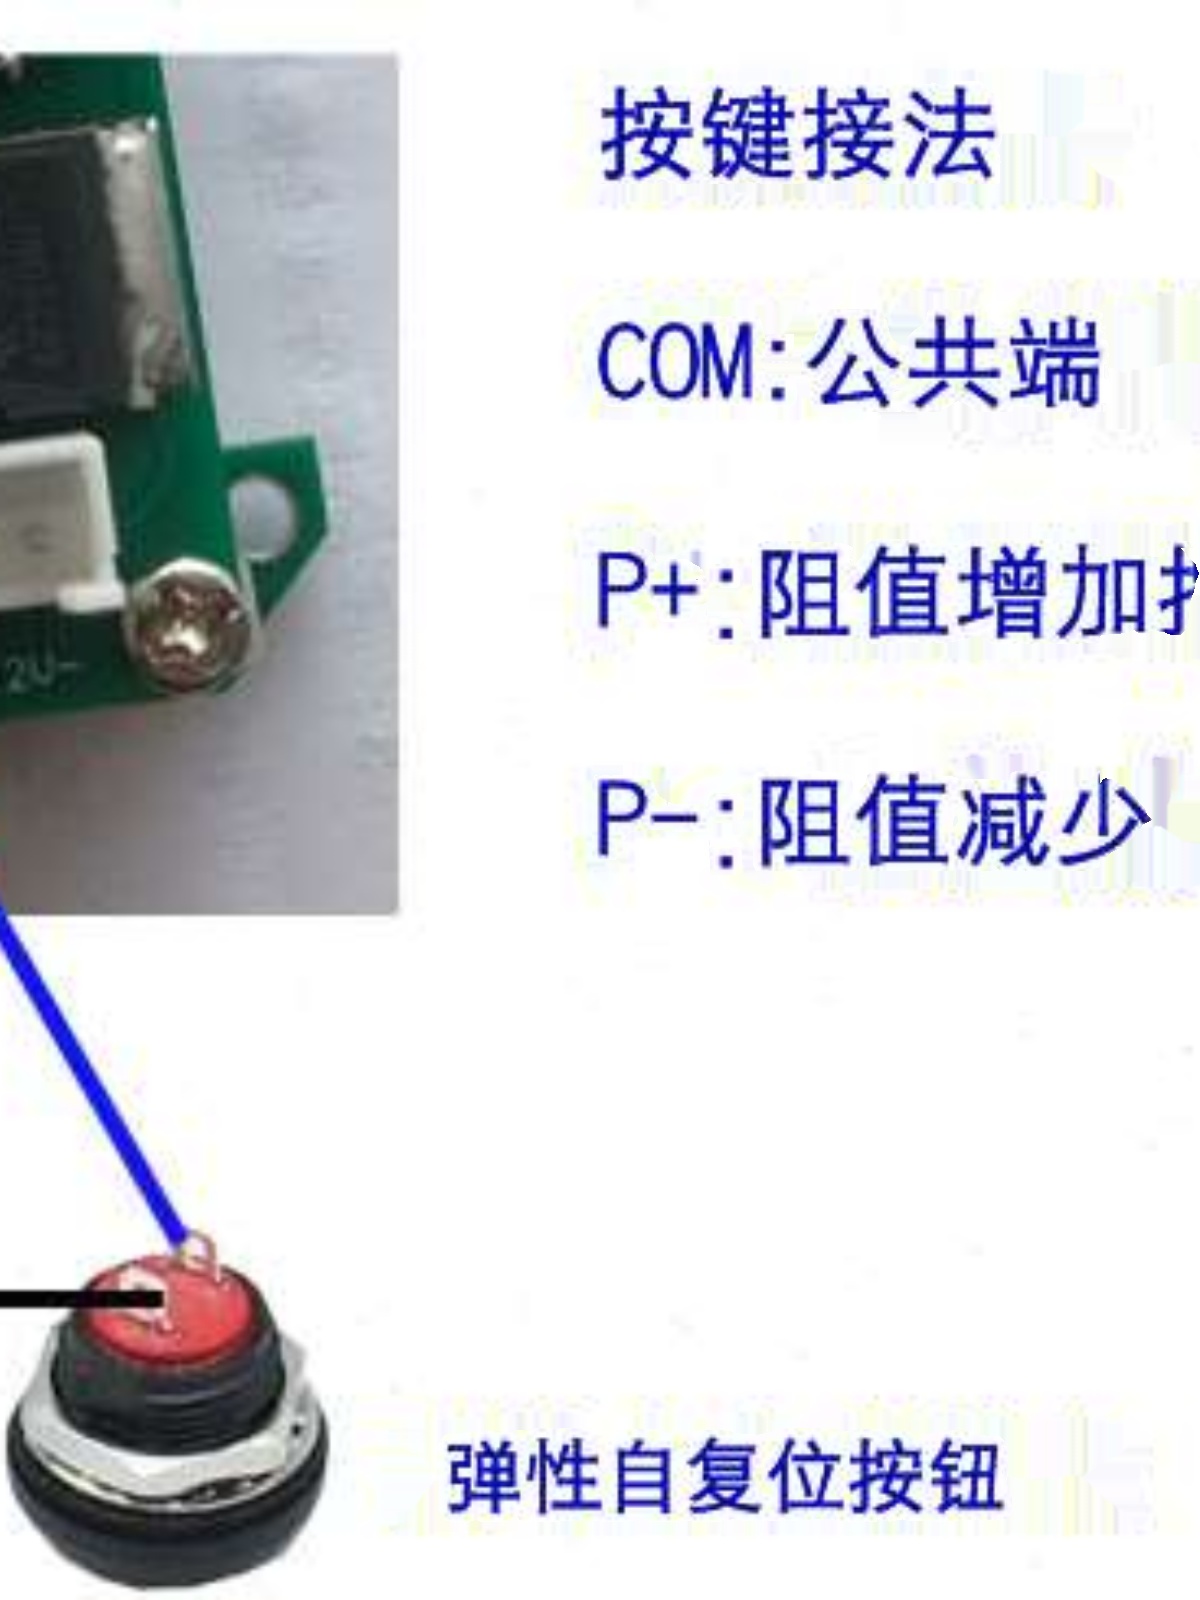 按键调节电位器阻值并显示 数显电位器 手按电位器 旋钮改按键
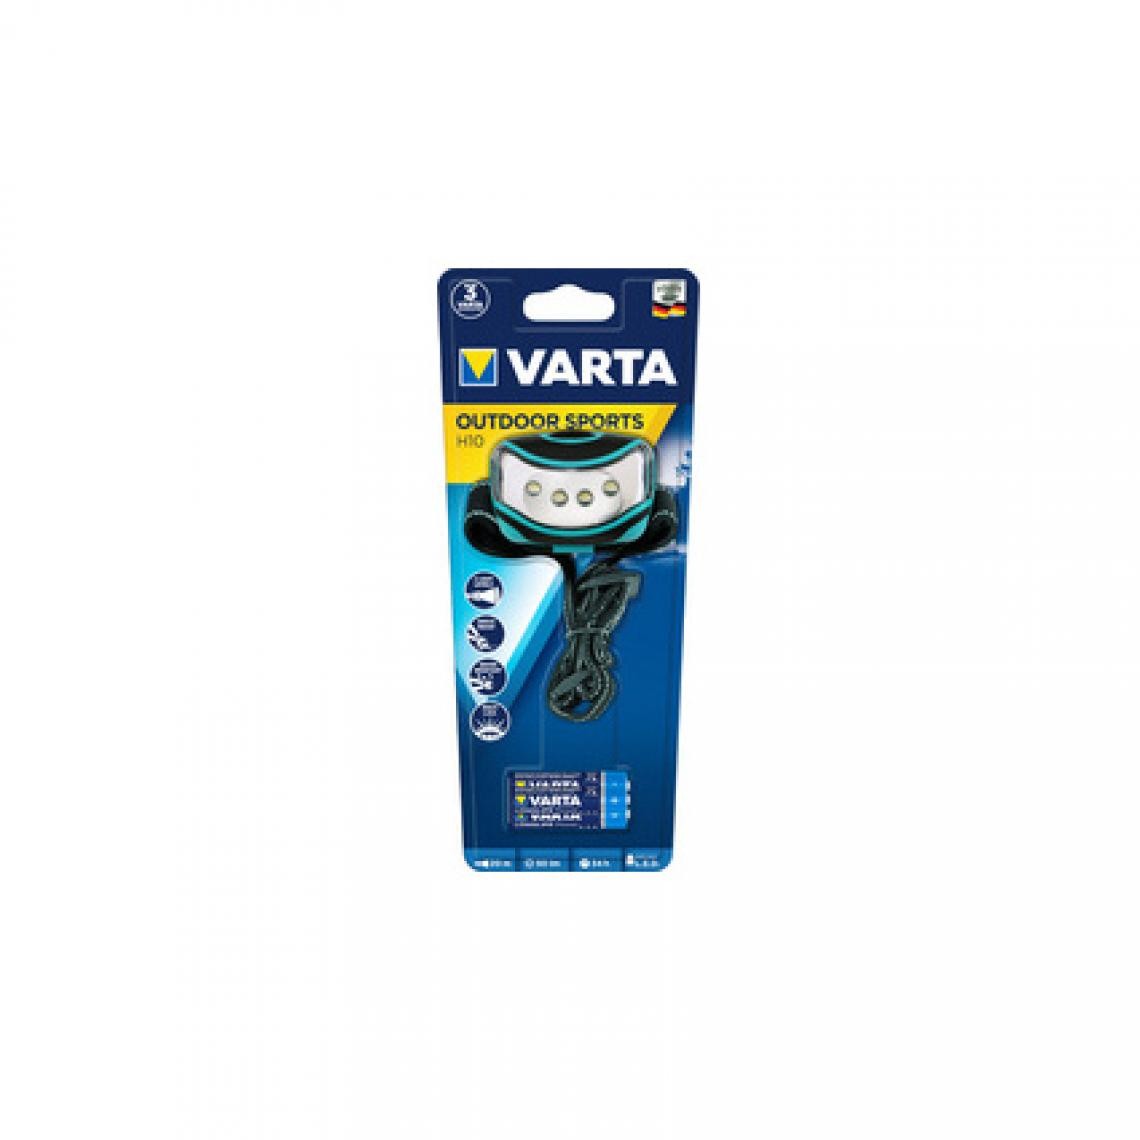 Varta - VARTA Lampe frontale LED 'Outdoor Sports', 4 LEDs () - Véhicule à pédales
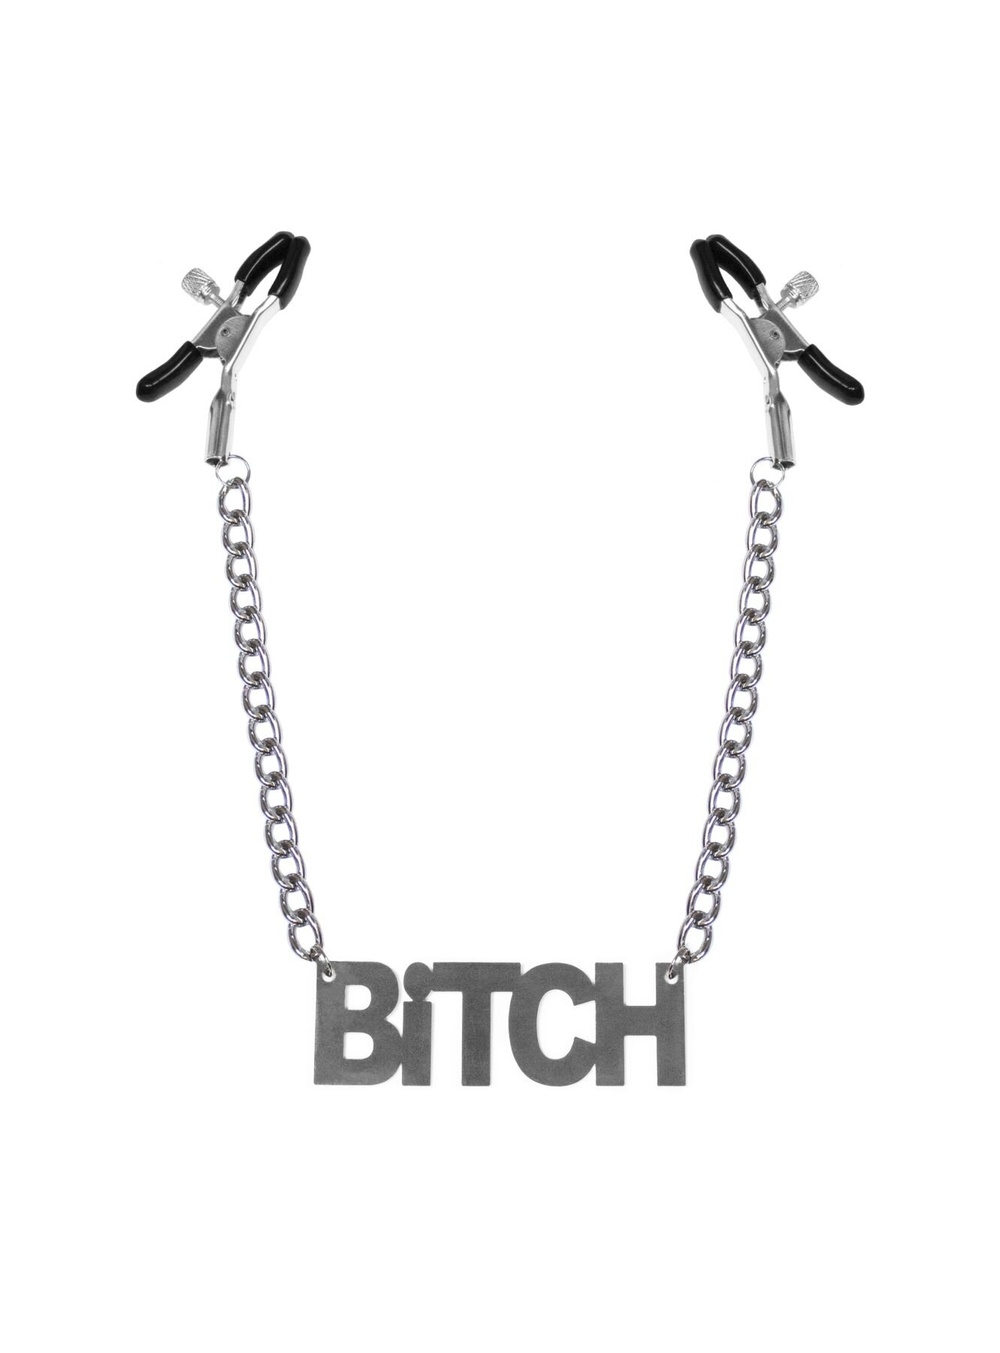 Зажимы для сосков Bitch, Feral Feelings - Nipple clamps Bitch, серебро/черный фото
____
**Required action:** No pictures belong in the copy; quote exactly the lines from the line containing "Varta - VARTA" through the final line of the material, both ends included.

**Finished task:**
 Varta - VARTA Lampe frontale LED 'Outdoor Sports', 4 LEDs () - Véhicule à pédales
 Зажимы для сосков Bitch, Feral Feelings - Nipple clamps Bitch, серебро/черный фото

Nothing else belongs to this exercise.